Les marchés d’actions: au-delà de la volatilité de court terme, les conditions actuelles de marché (BCE, liquidité, stress financier…) incitent à rester positif sur les actions européennes. En Europe, les valeurs sensibles à la croissance globale restent notre thème de fond préféré malgré une surperformance déjà remarquable. Ce thème peut paraître paradoxal compte tenu des prévisions de croissance, mais le thème de l’allégement des politiques d’austérité est majeur. En outre, investir sur des valeurs de croissance dans la zone qui en a le moins a du sens en termes de valeur. Les actions mid cap européennes, segment cyclique et sensible notamment à l’investissement des entreprises devraient également profiter du retour du M&A, un thème néanmoins plus fort aux États-Unis qu’en Europe. Le thème du retour à l’actionnaire via les dividendes ou share buy back est aussi à considérer au niveau global. Un bémol confirmé sur les actions émergentes: il y a certes davantage de croissance bénéficiaire que dans le monde développé, mais certains pays pâtissent de la baisse du yen (Corée et Taïwan notamment). Il faut rester positif sur les actions japonaises pour quelque temps encore : l’argument de l’impact de la faiblesse du yen sur les profits est puissant et devrait durer au moins jusqu’aux élections parlementaires de Juillet. Les financières globales sont encore intéressantes à ce niveau du cycle, mais beaucoup plus fragiles en Europe (redémarrage immobilier aux États-Unis, voire au Japon, risque macro en Europe).
À ce stade, en matière d’allocation d’actifs, l’enjeu majeur est de préserver la performance issue du mode « risk on » et notamment sur les classes d’actifs peu liquides. Prendre en compte le risque macro tout en ne se privant pas de rendement, et en préservant la liquidité du portefeuille s’avère essentiel. Autrement dit, comme dans toutes les périodes difficiles, le triptyque rendement – risque – liquidité redevient majeur.
• Si le prochain choc de marché est un choc de croissance, il se traduira par une remontée des taux longs et un resserrement des spreads de crédit en cas de reprise économique, ou alors par une nouvelle baisse des taux longs et un élargissement des spreads en cas de confirmation de la déflation. Dans le premier cas de figure, la liquidité demeurera sur le crédit et les obligations souveraines… dans le second cas de figure, la liquidité disparaîtra sur ces actifs et détenir des actions en lieu et place du crédit a du sens. Les premières sont toujours liquides, ce qui n’est pas le cas du crédit (souverains périphériques et obligations d’entreprises).
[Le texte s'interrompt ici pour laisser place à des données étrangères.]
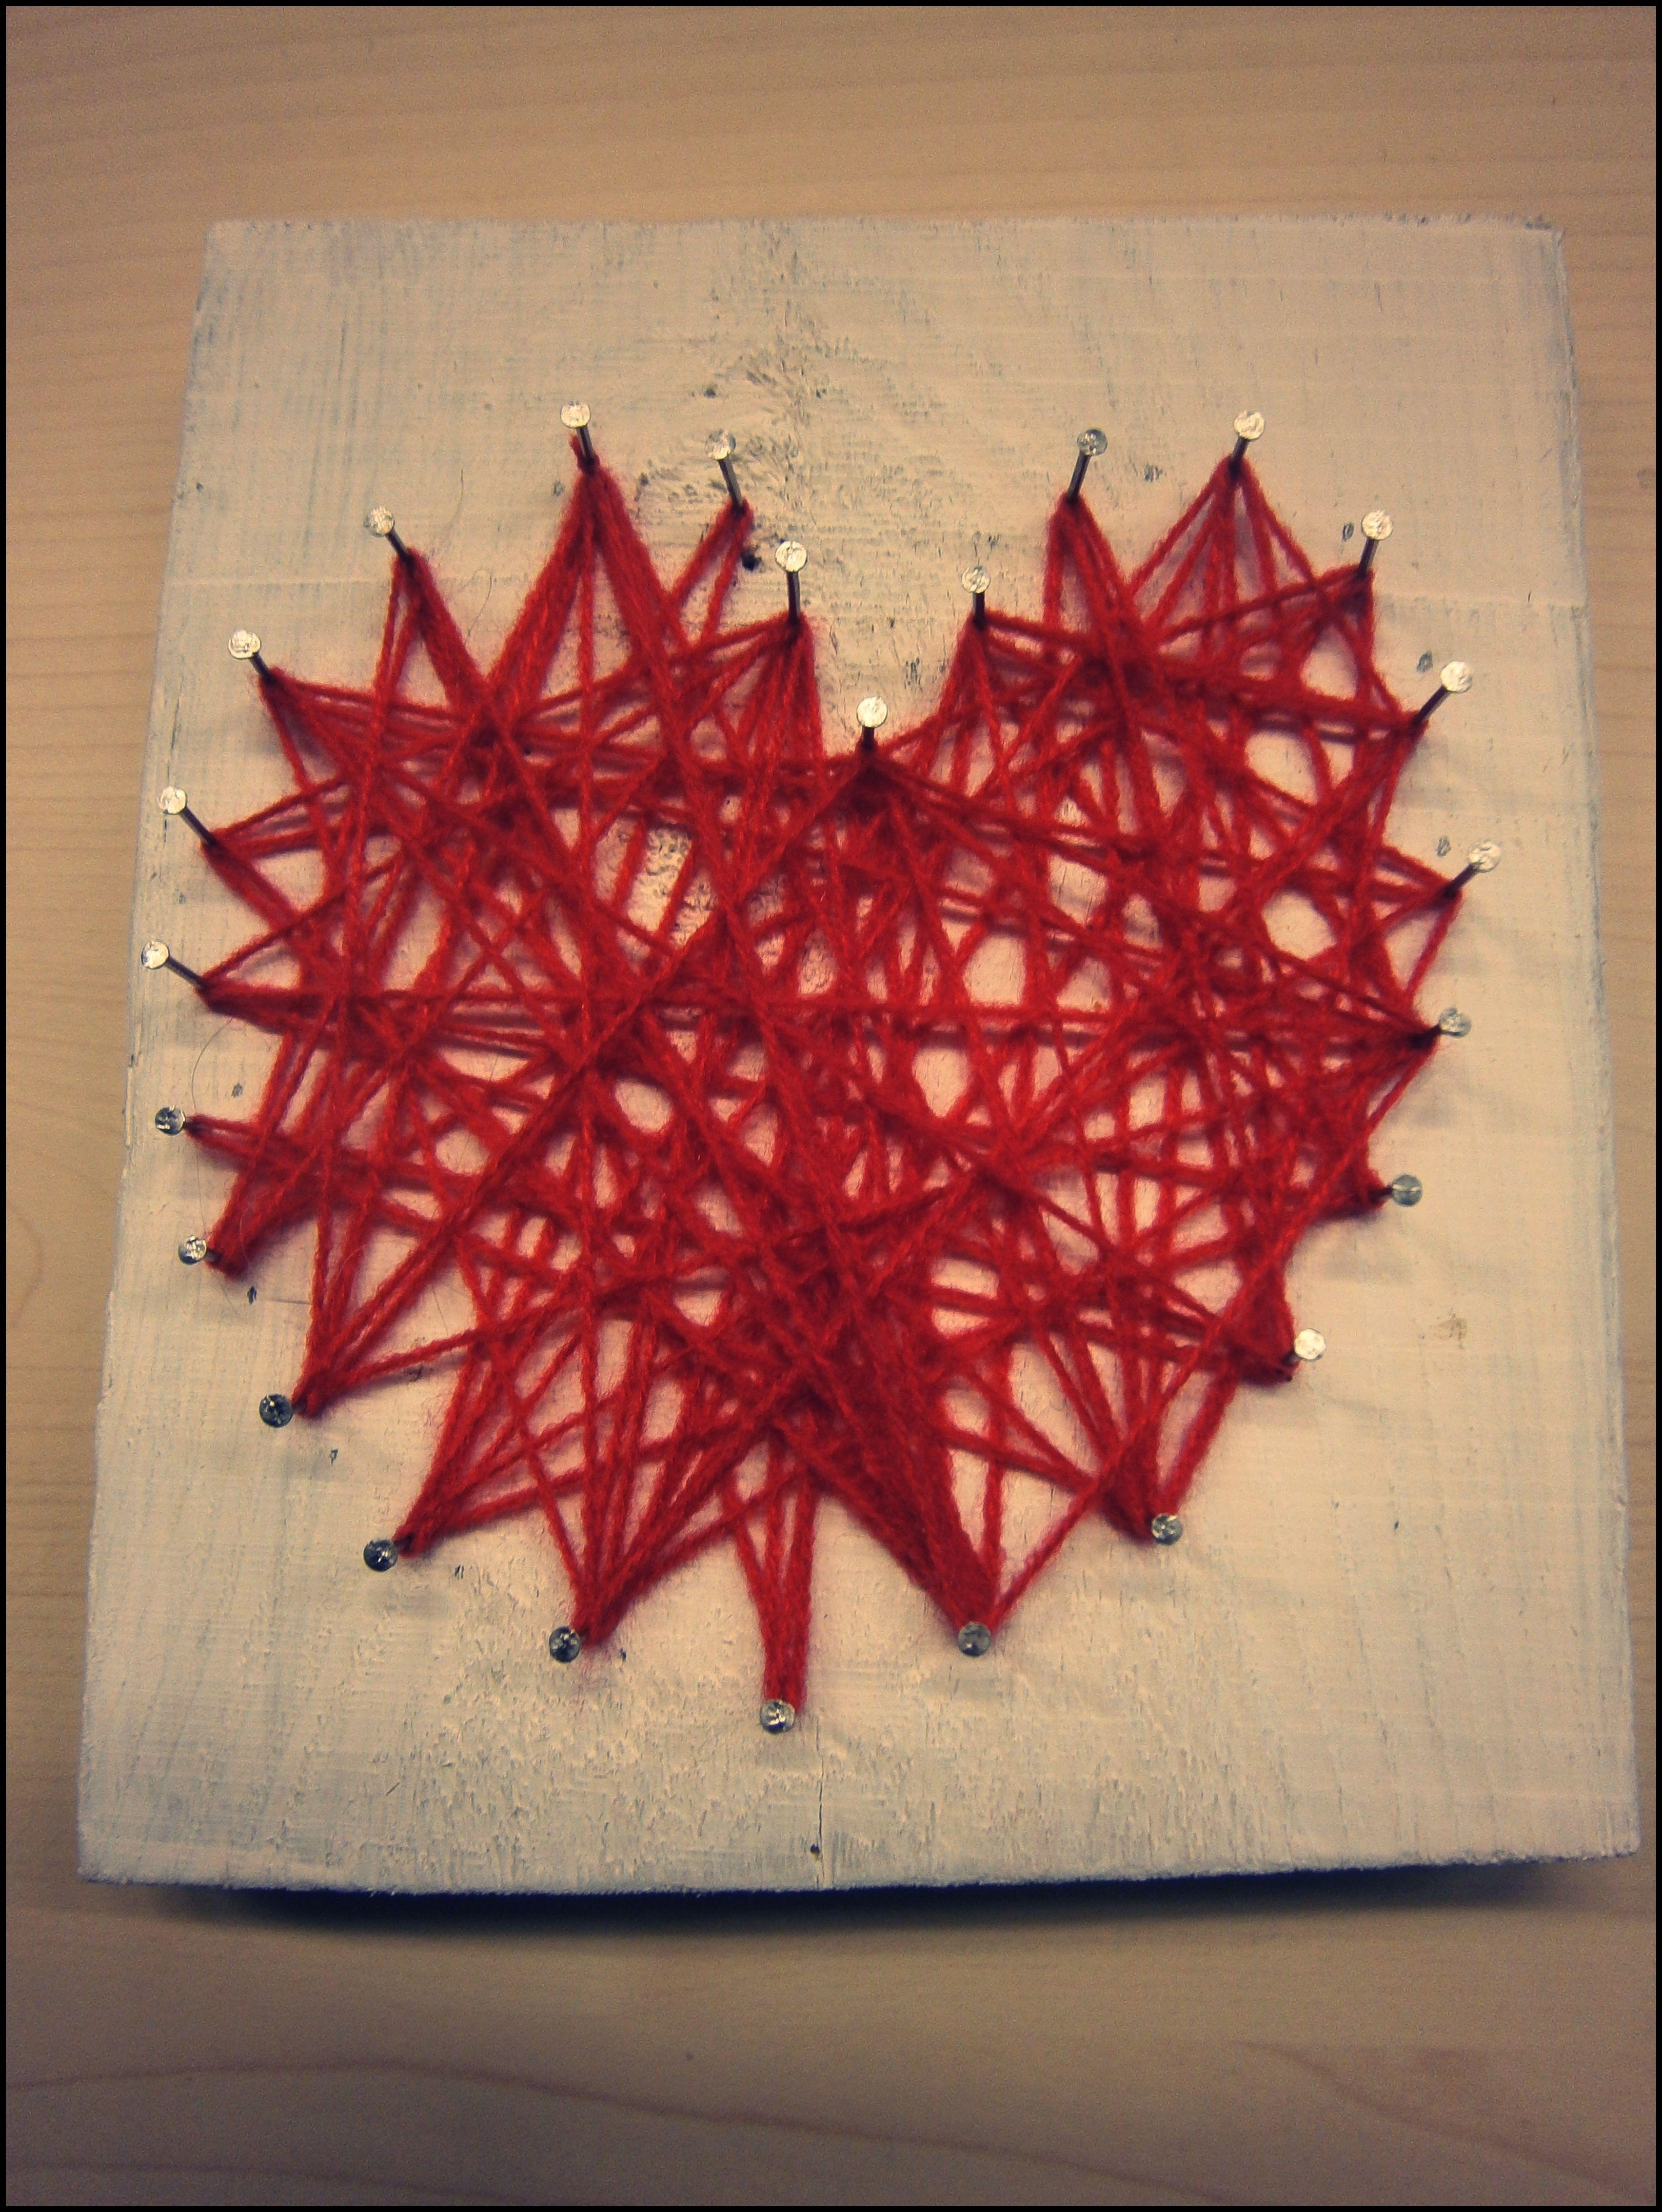 VALENTIJN - hout schuren - hout wit schilderen - vorm van hartje maken met spijkers en hamer - met rode wol de spijkers kris kras met elkaar verbinden Idee: juf Margie
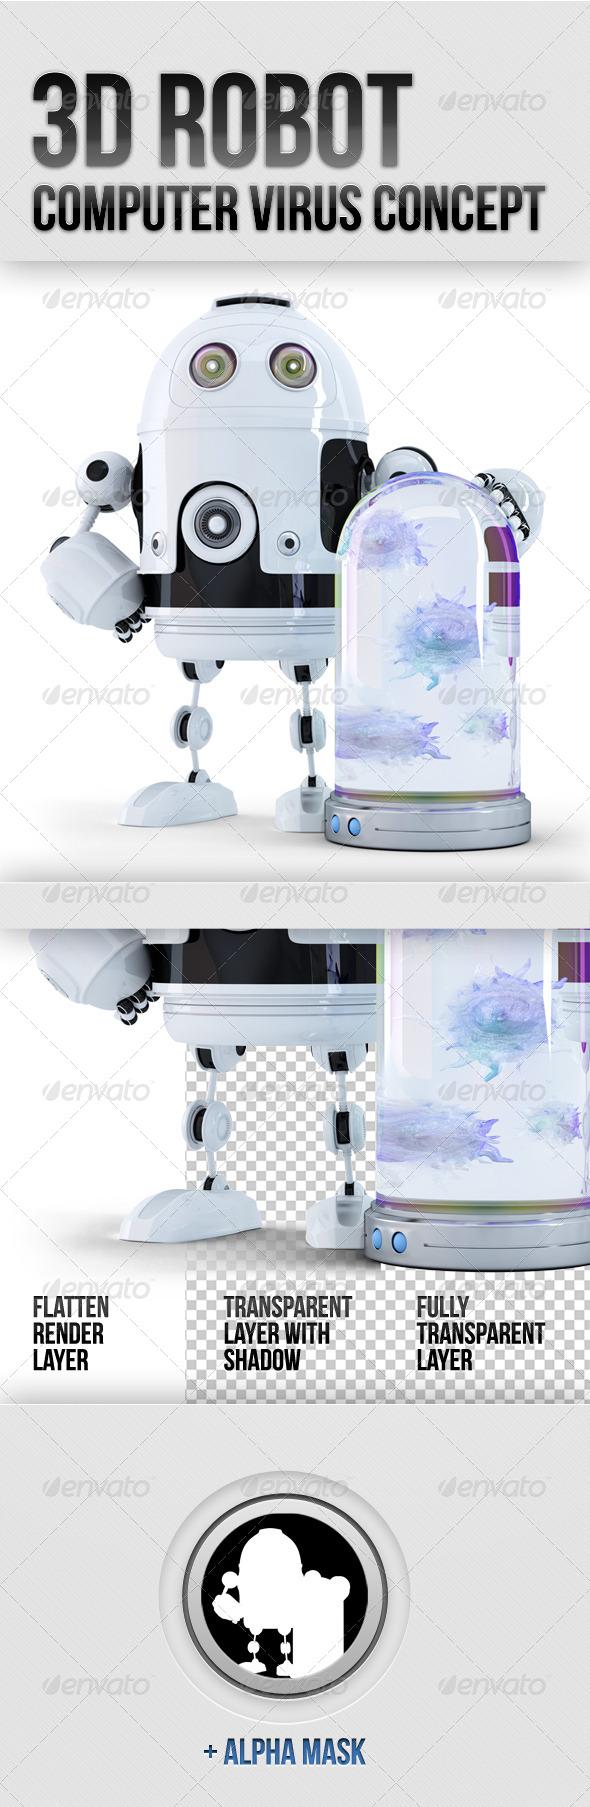 3D Robot. Computer Virus Concept - Technology 3D Renders

•Si le choc provient d’une nouvelle crise de dette, le risque est encore plus grand. Les obligations d’entreprises et la dette souveraine périphérique perdront sans doute toute liquidité, y compris très vraisemblablement la dette italienne (qui bénéficie d’une forte surpondération dans bon nombre de portefeuilles).
Autrement dit, l’enjeu majeur de ces prochaines semaines / mois redevient la capacité à rendre ou à laisser liquides les portefeuilles tout en continuant de bénéficier de l’abondante liquidité tant qu’elle porte les marchés financiers, et notamment les classes d’actifs risqués.